The only way to deal with the age issue is to be up front about i- stop the thing of trying to run when can't walk, as it were, trying to enact some sense that "I'm really not as old as I look."  Yes you are and that's who you are. . .  One way or the other, America is going to have a president in his 80s**. . . It also has consequences for how Americans see themselves. . l There's a great deal of generational resentment in America, because the American Dream has stopped.  The American Dream was this intergenerational machine where my kids' lives are going be a bit better than mine, and I have that expectation, and their kids' lives are going to be better than theirs. . . but that's stopped.  That is not what's happening in America right now.  You have a generation of people who are poorer than their parents, whose expectations are lower than their parents'.  And that's a very profound thing to have happen in America.  It's of historic consequence.

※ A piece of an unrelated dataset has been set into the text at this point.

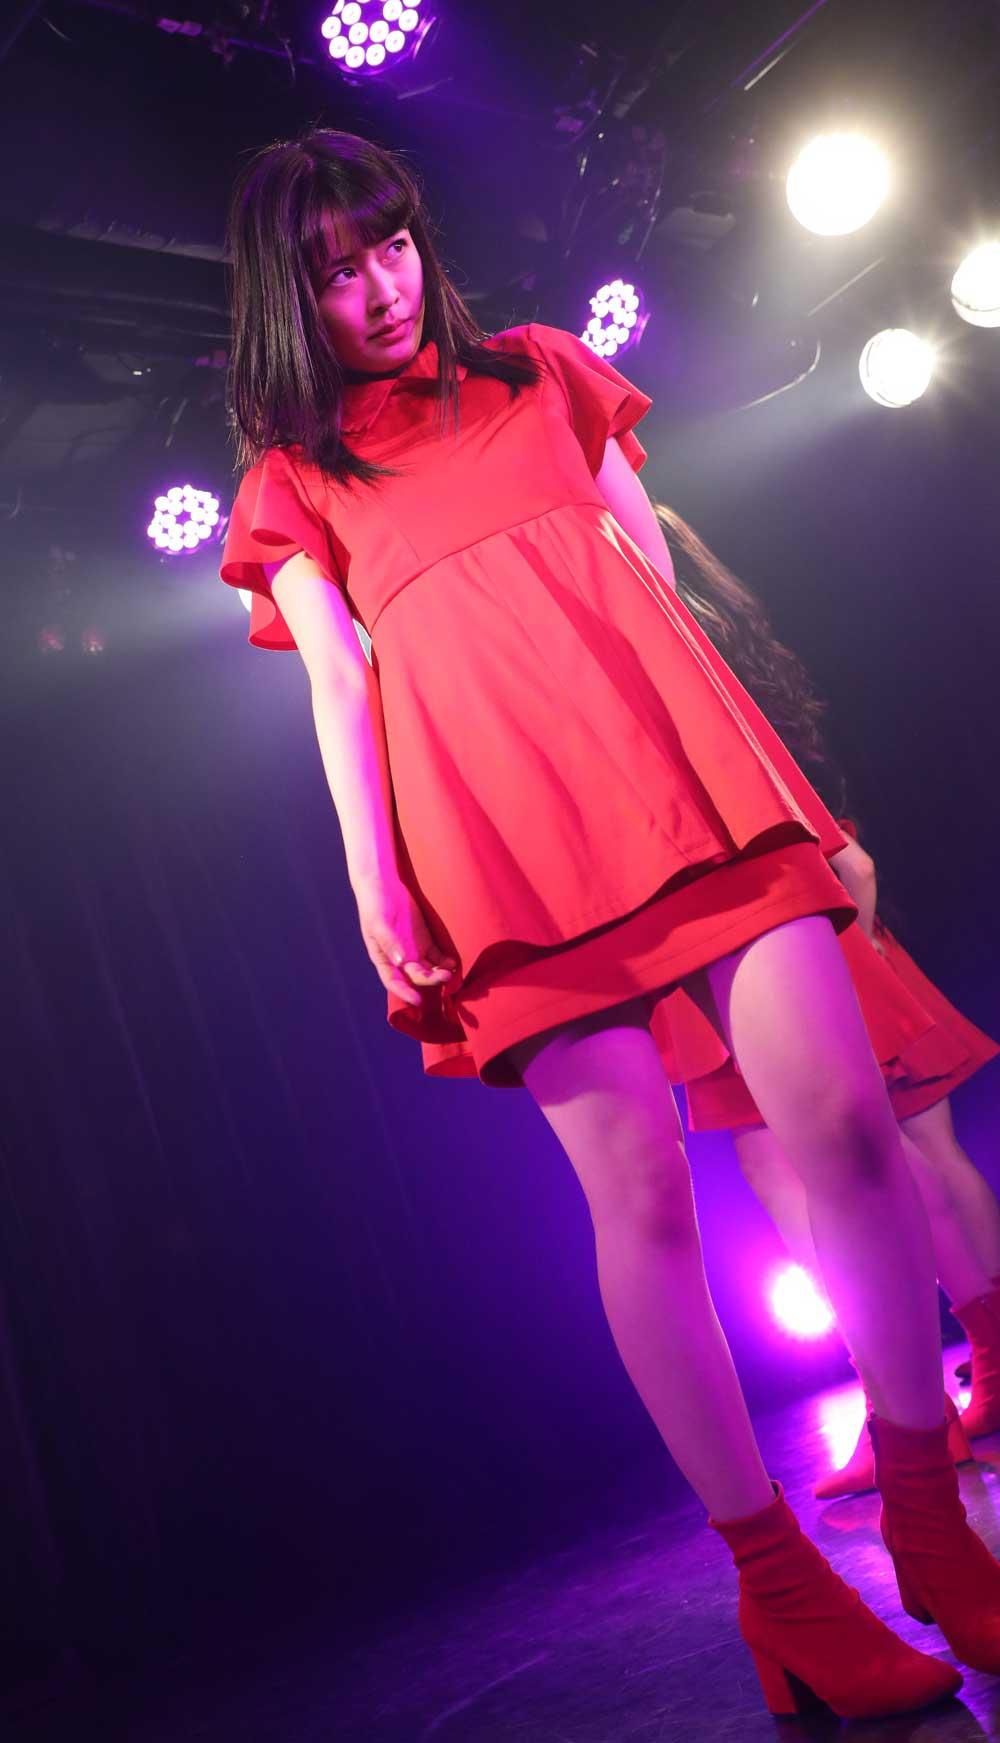 Images : 9番目の画像 - 「九州女子翼/東京定期で新曲披露。前回を大幅にアップデートする、圧倒的な進化を果たしたパフォーマンスで会場のオーディエンスを熱狂させた」のアルバム - Stereo Sound ONLINE

He looks like an elderly man because that's what he is.  There's nothing shameful about that.  That's just life. . . When you're towards the end of that human life cycle, everybody knows what the destination is. . . This election is one of the most important in American history.  It really matters very profoundly to America and to the world who's going to get elected.  With the stakes so high, it means that Biden is putting an enormous bet on his own instrincts for survival.  He sees himself as someone who comes through immense challenges.  And that's true, right? . . . Oddly, because havng been so vulverable of invulnerability- 'I've dealth with these things,; I know I can stand it, and and I know I can come out the other side.'  And the question for America is, has that led him into a certain kind of delusion? 

** The interview was taped before Biden withdrew from the presidential contest.